ES: In the Middle East, accounting for an average 35% of international arms transfers over the period 2015-19, the events associated with the “Arab Spring” have spurred a surge in weapons purchases. The cases of Saudi Arabia, Egypt, and Qatar are particularly important, with the most dramatic increase in their arms imports being respectively linked to the beginning of the Yemen War (2015), the military coup by General al-Sissi (2013) and the diplomatic crisis within the Gulf Cooperation Council (2017). Interestingly, while the UAE remains a key importer (8th largest in 2015-19), its share of the world’s total tends to decrease, which can be explained by evolving strategies I have explored these past few years. On the suppliers’ side, there might also have been an aggressive push for exports pertaining to shrinking national defense budgets and lesser opportunities on domestic markets in their home countries.
AS: How might we disentangle various interests of corporate actors and foreign policy priorities?
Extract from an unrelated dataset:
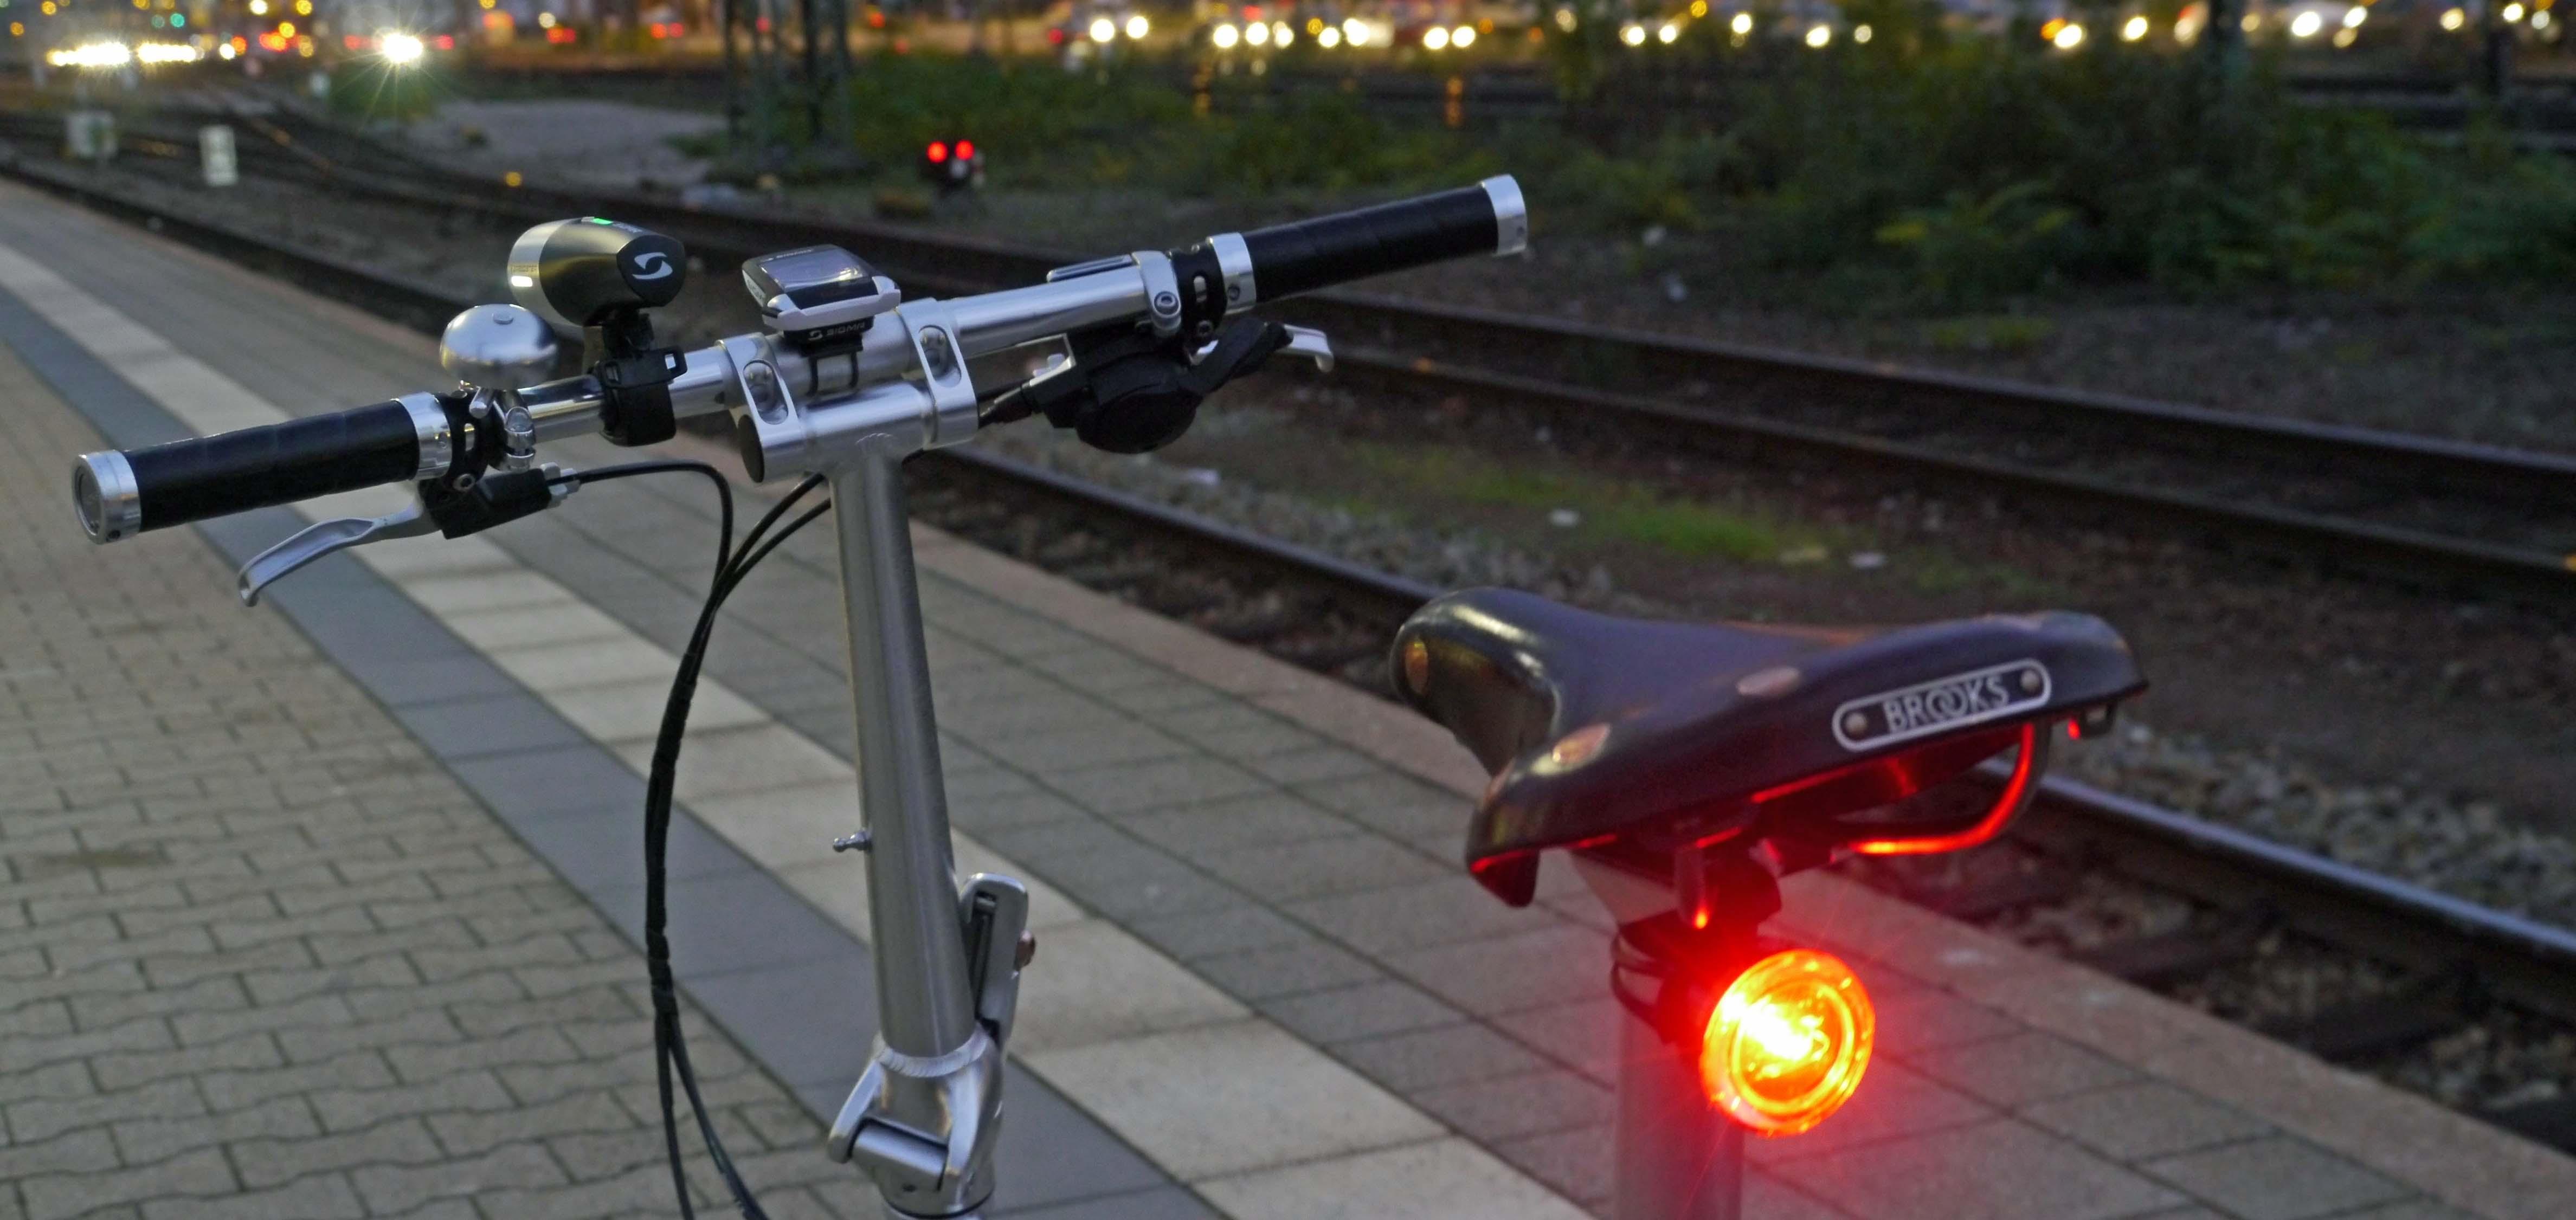 Задня фара велосипеда

ES: I am not convinced that it is helpful to see these as inherently different and/or needing disentanglement because it often leads to a false dichotomy between virtuous actors trying to implement foreign policy objectives based of core national values and “bad – corporate – guys” that are only in it for the money, when the lines are much more blurry between the interests of all these stakeholders. It is thus crucial to leave any normative approach aside and to get to the bottom of the perceived added value of arms trade (from an economic, political, and strategic perspective) from the standpoint of all these actors understood as part of a same system. This could in turn open the door to think about innovative solutions to meet these multifaceted interests in a more balanced way (assuming, as I do, that the findings of the project will point to a gap between the perceived and real interests that are currently fulfilled by arms trade).
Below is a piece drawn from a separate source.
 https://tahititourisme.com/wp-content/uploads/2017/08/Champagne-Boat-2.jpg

AS: What changes would you like to see and where do you think change in the current structure of the arms trade is possible?
ES: I would like major shareholders of the global arms market to realize or own up to the fact that they have much more agency that they seem to believe or pretend they have. What I am alluding to here is that some frequent arguments such as “others will do it if we don’t”, or “we will suffer major blowbacks if we change anything” are not compelling, for instance. This also applies to the multiple actors in charge of arms control processes within exporting countries, who wrongly seem to assume they do not have the power to flip the script on arms trade and/or open a much-needed conversation about the best way to safeguard all interests at stake. Eventually, I would like all parties entrenched in this complex system to see change in the current structure of the arms trade and/or prioritization of security challenges and ways to address them as a good thing for everyone. To be sure, if 2020 is teaching us anything, it is that these major arms are pretty useless to address the real tests the future holds for our countries and for humanity as a whole. It might be time to do something about that, starting with a comprehensive debate about what national security means, and how we can truly protect it.